THE DATA:

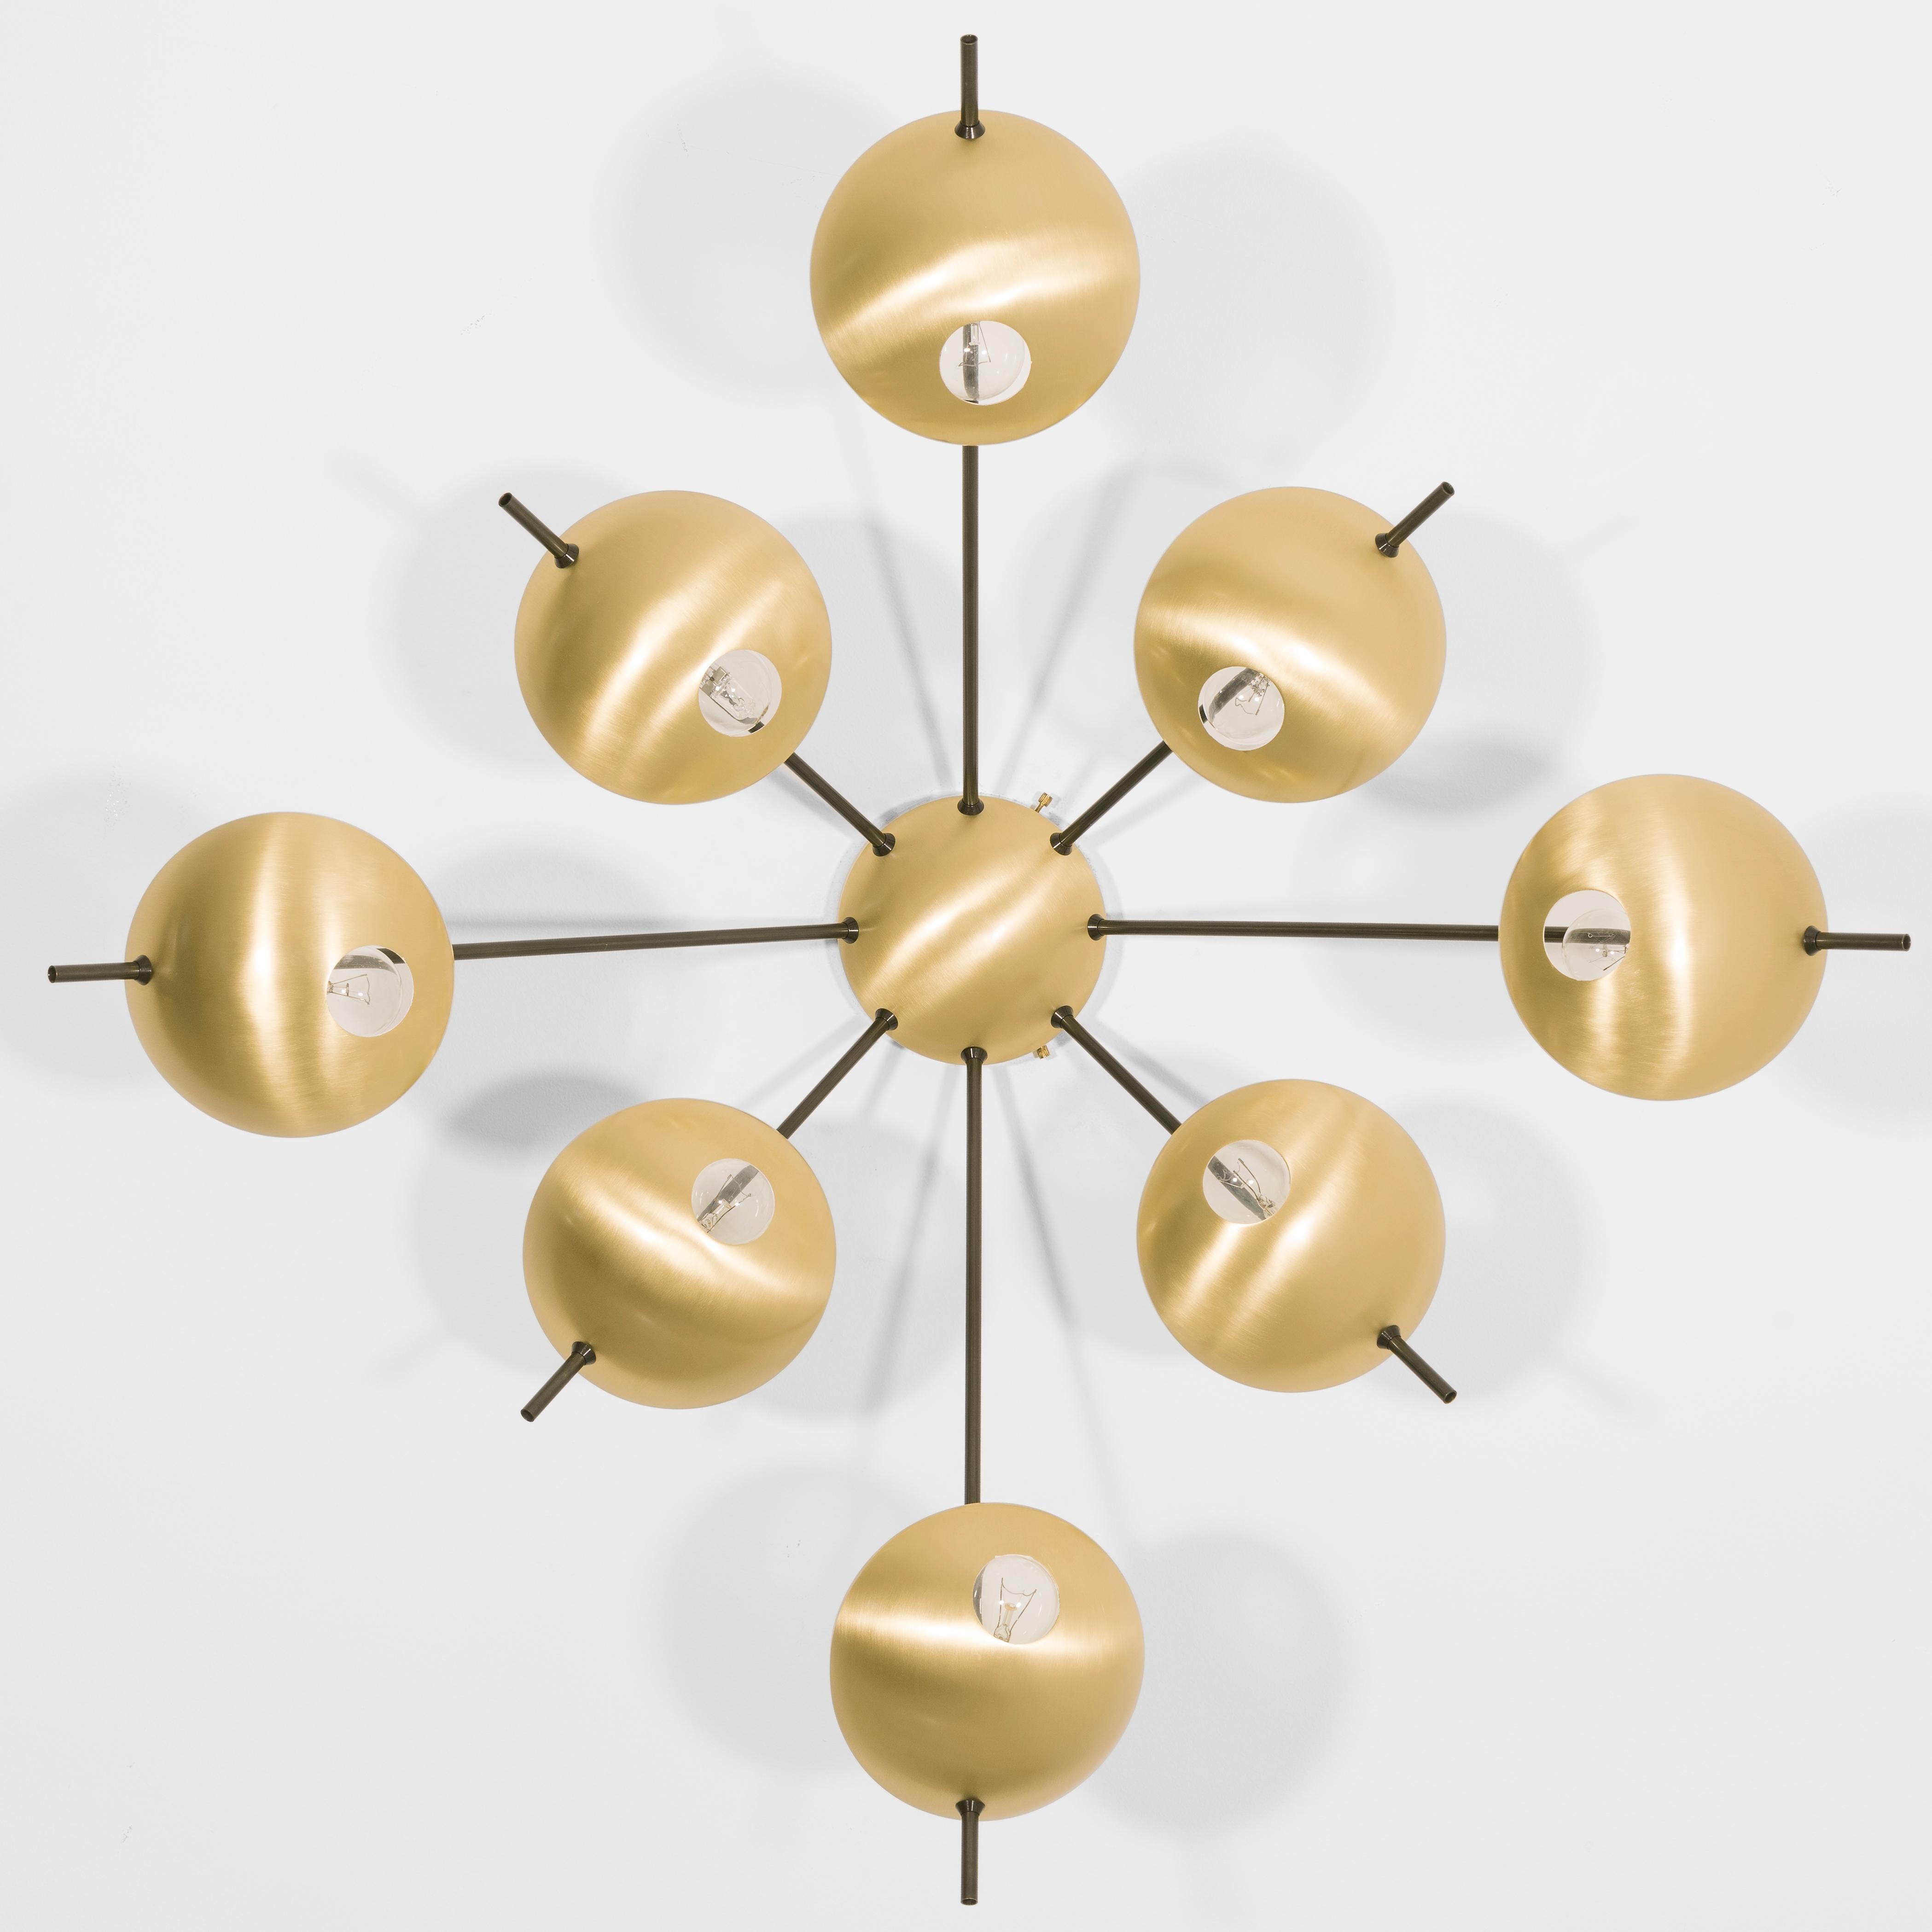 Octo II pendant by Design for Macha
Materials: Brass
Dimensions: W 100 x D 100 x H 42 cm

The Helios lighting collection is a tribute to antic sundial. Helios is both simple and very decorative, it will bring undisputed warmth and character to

WHAT TO WORK ON:
Return the listing exactly as it appears, excluding any image.

ANSWER TO THIS EXERCISE:
 Octo II pendant by Design for Macha
Materials: Brass
Dimensions: W 100 x D 100 x H 42 cm

The Helios lighting collection is a tribute to antic sundial. Helios is both simple and very decorative, it will bring undisputed warmth and character to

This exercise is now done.